### INFORMATION PROVIDED
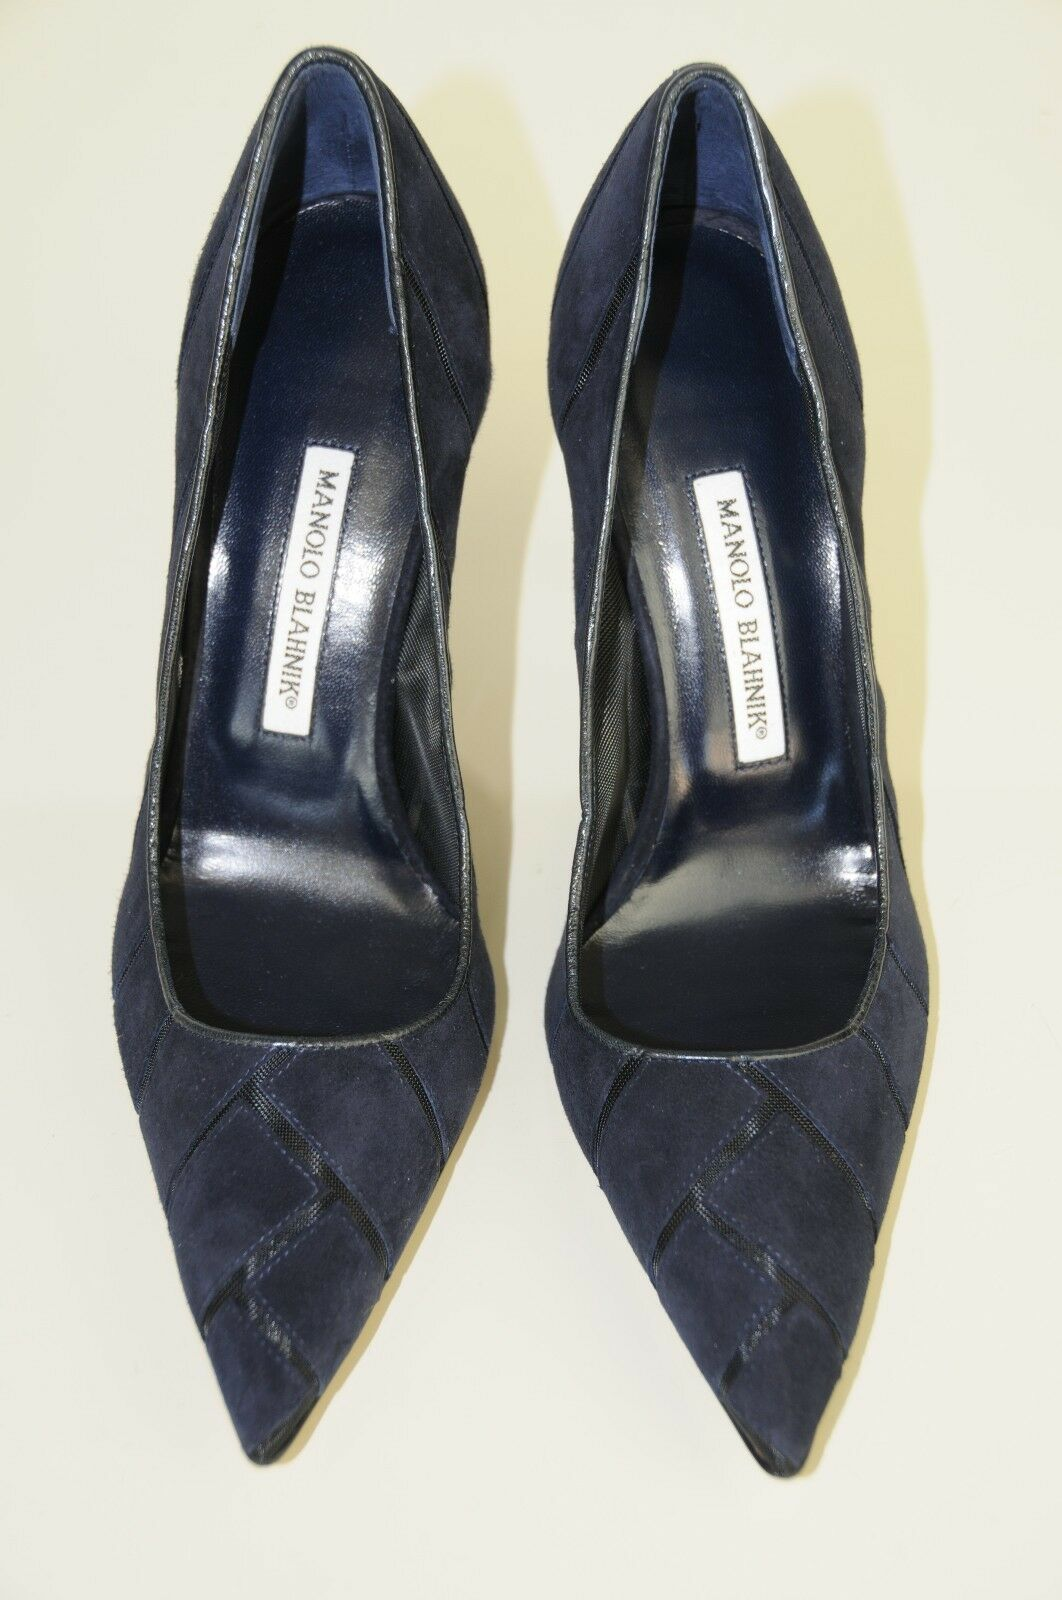 895 New Manolo Blahnik BB Navy bluee bluee bluee Suede Pumps Heels shoes 40 26caec
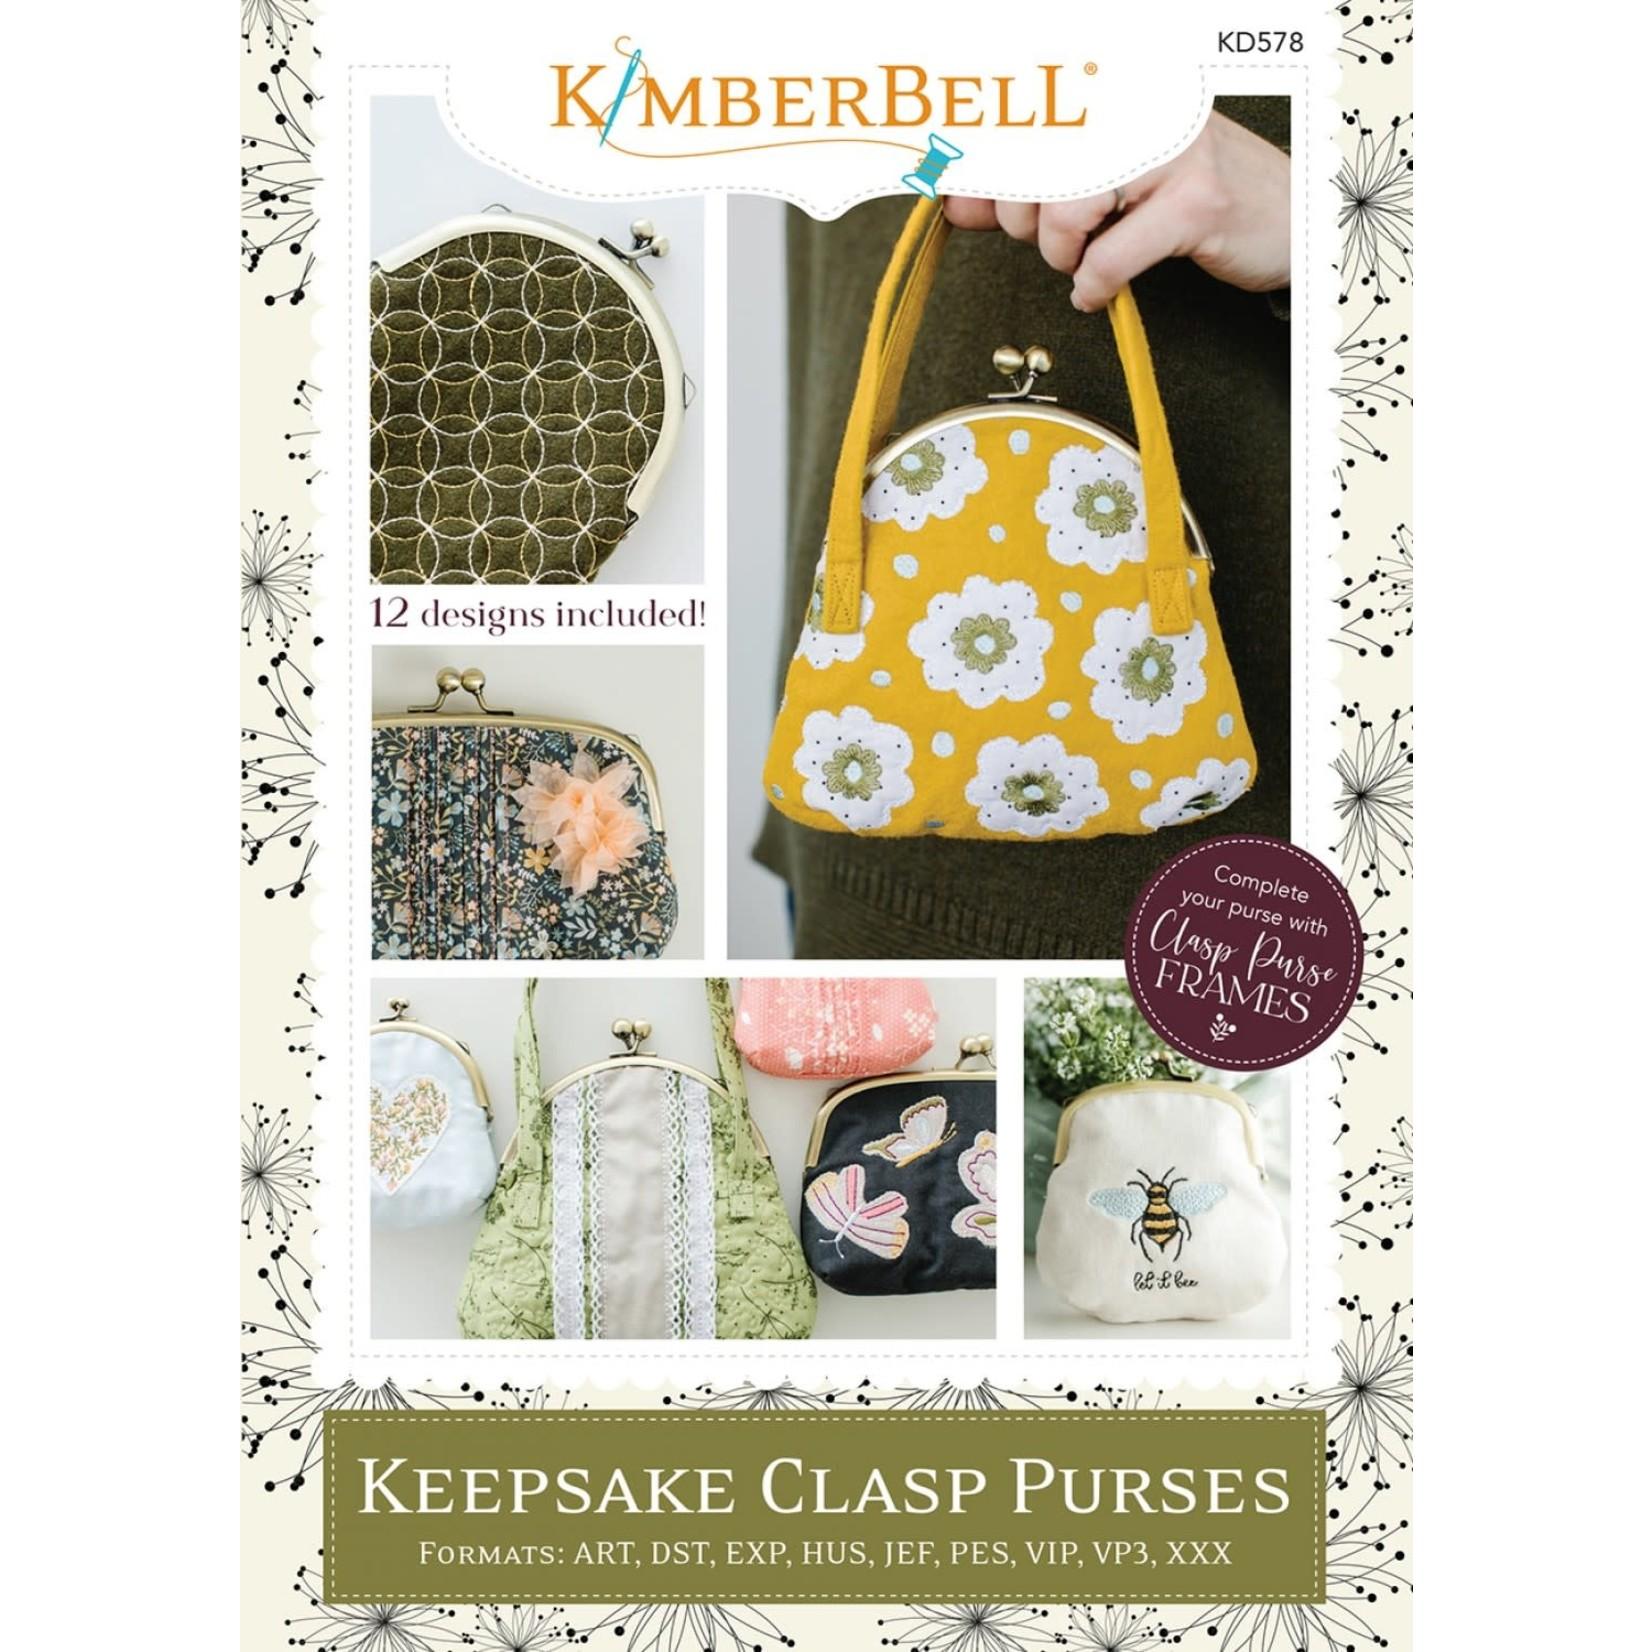 Kimberbell Designs Keepsake Clasp Purses
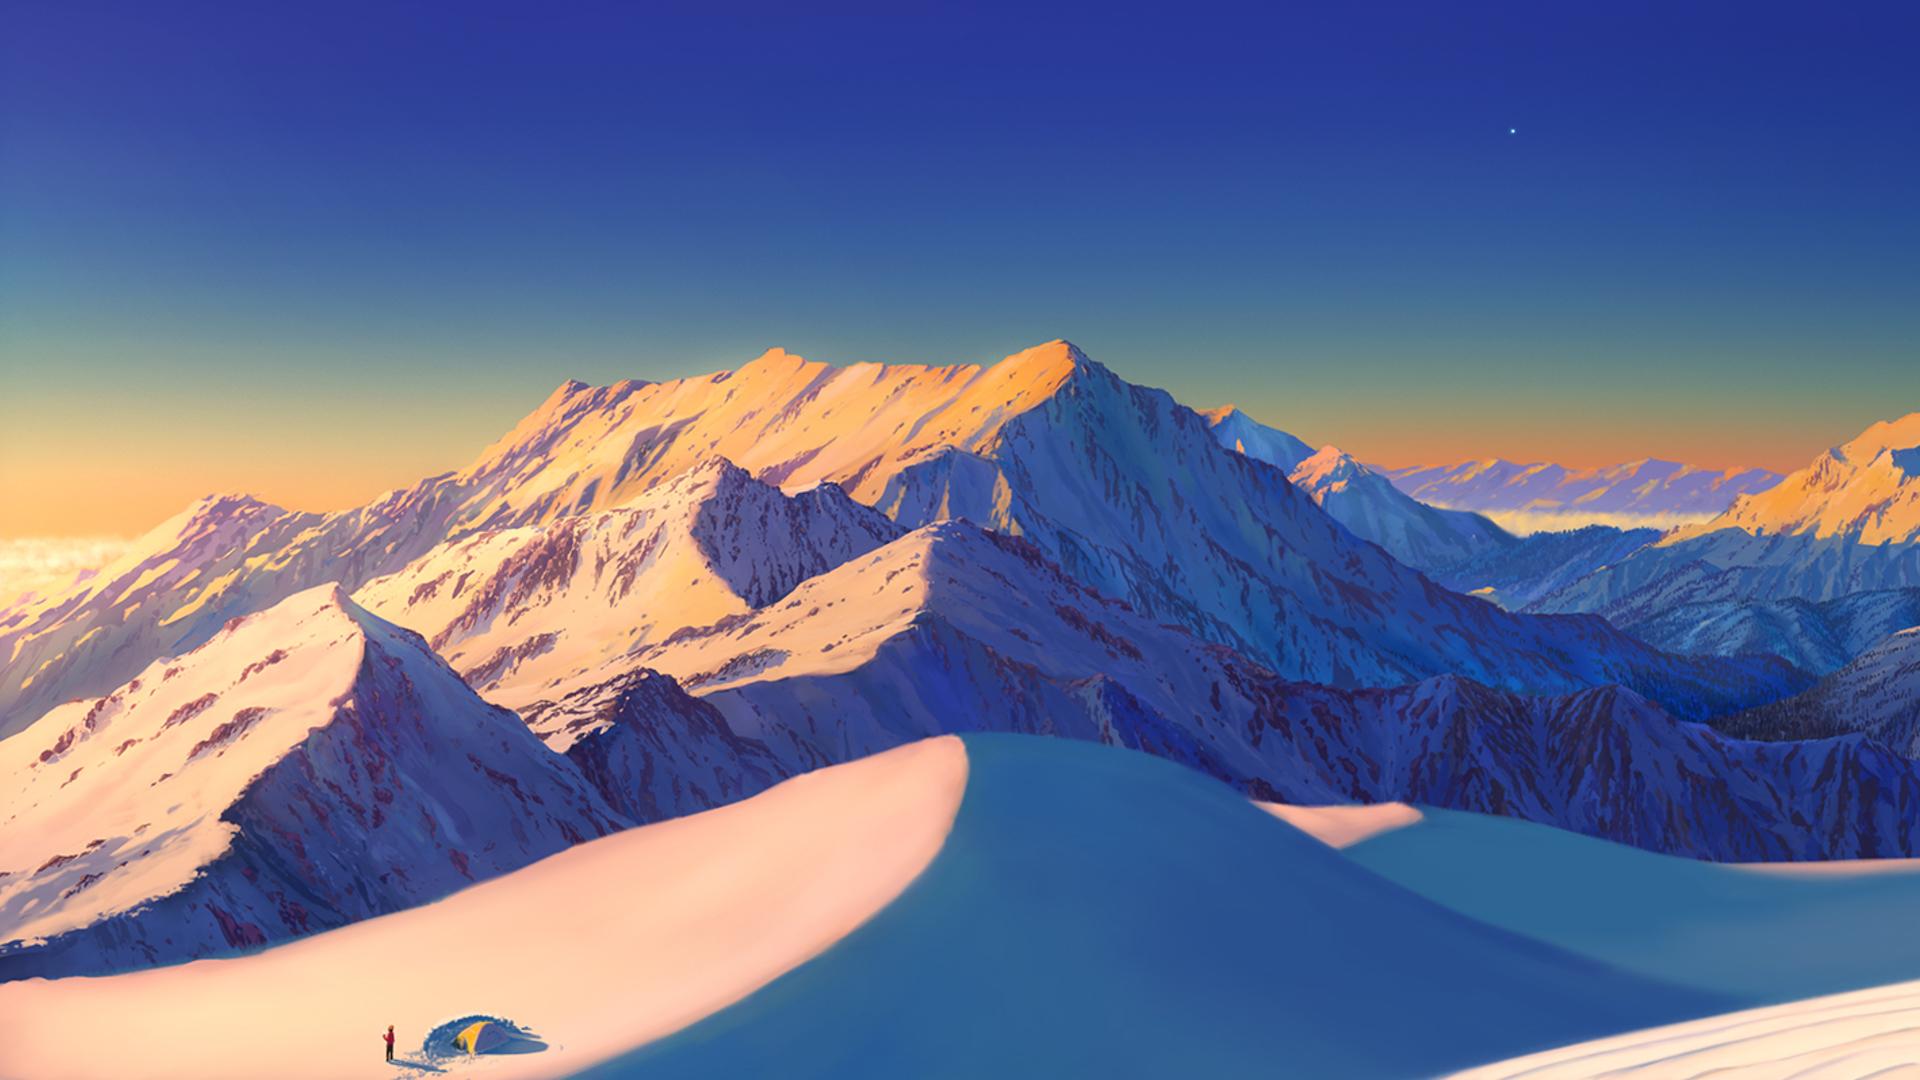 1920x1080 Snowy Mountains 1080p Laptop Full Hd Wallpaper Hd

### PROBLEM STATEMENT
Write out every line above exactly as it is, leaving out the pictures.

### ANSWER FOR THIS EXERCISE
 895 New Manolo Blahnik BB Navy bluee bluee bluee Suede Pumps Heels shoes 40 26caec
 Kimberbell Designs Keepsake Clasp Purses
 1920x1080 Snowy Mountains 1080p Laptop Full Hd Wallpaper Hd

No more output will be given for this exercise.